> EXTRACTED RECORDS
=== Section Start ===

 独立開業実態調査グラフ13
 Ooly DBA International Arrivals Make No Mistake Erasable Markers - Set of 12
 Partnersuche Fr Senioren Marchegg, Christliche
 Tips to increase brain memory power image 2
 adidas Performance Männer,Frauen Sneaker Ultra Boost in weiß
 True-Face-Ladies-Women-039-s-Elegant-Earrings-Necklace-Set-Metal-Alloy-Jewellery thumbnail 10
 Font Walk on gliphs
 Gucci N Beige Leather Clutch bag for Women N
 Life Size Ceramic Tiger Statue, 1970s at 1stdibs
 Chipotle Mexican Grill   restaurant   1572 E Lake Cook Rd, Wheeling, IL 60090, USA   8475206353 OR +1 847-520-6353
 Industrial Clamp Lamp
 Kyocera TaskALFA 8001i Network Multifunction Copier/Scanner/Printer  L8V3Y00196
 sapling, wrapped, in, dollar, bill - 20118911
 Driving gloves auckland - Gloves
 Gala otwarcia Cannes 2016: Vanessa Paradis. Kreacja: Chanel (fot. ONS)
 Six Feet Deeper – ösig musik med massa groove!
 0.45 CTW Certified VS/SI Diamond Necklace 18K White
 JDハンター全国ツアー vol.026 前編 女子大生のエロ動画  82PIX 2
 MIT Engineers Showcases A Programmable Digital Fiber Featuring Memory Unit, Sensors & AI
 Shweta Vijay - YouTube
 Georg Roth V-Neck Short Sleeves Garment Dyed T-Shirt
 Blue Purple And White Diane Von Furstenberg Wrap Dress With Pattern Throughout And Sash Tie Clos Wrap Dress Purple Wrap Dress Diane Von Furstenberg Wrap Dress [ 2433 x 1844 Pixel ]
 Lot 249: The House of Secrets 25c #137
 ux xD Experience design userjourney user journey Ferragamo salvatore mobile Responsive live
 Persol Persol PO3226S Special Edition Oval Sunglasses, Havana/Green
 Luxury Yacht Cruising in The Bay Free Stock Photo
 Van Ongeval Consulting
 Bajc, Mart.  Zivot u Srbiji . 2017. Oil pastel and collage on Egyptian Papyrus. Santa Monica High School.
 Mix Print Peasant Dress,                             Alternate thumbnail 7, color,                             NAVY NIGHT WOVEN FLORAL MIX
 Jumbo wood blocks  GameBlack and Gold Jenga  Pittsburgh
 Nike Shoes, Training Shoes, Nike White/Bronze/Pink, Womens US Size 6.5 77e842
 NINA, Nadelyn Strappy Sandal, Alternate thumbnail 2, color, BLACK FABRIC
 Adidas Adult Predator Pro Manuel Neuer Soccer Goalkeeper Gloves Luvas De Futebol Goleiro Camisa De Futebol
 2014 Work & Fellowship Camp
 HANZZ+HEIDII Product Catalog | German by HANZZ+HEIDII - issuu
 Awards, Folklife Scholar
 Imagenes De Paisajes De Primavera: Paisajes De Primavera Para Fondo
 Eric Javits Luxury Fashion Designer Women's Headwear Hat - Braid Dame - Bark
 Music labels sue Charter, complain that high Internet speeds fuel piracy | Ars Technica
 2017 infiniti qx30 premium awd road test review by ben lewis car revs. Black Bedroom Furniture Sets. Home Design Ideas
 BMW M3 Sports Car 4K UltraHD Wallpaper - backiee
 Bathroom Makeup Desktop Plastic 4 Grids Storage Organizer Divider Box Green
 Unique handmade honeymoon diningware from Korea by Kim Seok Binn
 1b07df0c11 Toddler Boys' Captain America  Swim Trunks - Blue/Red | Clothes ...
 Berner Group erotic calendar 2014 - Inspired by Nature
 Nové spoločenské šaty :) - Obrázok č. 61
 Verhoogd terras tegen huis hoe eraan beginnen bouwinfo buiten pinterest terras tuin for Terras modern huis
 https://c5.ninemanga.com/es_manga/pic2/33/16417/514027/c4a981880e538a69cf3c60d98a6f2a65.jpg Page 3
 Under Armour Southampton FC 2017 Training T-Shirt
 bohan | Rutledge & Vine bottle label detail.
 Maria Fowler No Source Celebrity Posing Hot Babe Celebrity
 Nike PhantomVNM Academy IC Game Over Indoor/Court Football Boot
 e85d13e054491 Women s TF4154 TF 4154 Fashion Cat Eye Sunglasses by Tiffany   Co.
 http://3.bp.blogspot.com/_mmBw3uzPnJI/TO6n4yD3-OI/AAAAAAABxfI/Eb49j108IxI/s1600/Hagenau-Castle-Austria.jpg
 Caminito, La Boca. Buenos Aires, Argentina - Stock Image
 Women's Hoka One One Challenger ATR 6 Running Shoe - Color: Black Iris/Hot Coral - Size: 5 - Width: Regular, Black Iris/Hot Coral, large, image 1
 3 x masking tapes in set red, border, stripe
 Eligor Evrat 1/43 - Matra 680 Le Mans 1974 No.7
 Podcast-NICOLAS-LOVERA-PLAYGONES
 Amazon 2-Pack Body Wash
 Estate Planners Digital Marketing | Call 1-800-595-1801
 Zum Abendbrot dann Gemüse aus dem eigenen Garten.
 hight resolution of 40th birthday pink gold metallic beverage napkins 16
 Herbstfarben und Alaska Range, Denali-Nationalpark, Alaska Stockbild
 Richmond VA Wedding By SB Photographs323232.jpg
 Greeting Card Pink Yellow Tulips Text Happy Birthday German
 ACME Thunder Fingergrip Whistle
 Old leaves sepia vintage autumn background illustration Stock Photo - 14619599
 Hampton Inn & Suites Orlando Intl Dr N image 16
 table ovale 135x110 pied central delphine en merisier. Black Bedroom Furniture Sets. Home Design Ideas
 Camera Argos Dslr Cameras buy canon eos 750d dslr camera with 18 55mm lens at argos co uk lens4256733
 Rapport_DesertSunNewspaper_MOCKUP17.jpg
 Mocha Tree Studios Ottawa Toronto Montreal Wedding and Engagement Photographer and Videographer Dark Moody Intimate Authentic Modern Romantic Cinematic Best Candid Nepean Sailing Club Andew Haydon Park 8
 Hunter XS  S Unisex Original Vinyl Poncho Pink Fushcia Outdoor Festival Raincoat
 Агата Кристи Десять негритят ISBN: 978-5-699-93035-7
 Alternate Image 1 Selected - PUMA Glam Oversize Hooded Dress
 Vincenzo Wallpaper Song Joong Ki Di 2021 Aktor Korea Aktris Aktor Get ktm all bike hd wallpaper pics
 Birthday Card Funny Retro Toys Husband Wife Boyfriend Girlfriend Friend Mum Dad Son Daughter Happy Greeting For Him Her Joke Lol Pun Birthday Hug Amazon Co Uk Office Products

=== Section End ===

Each line of the entries that contains "thumbnail" counts once; state the total as a bare number.

3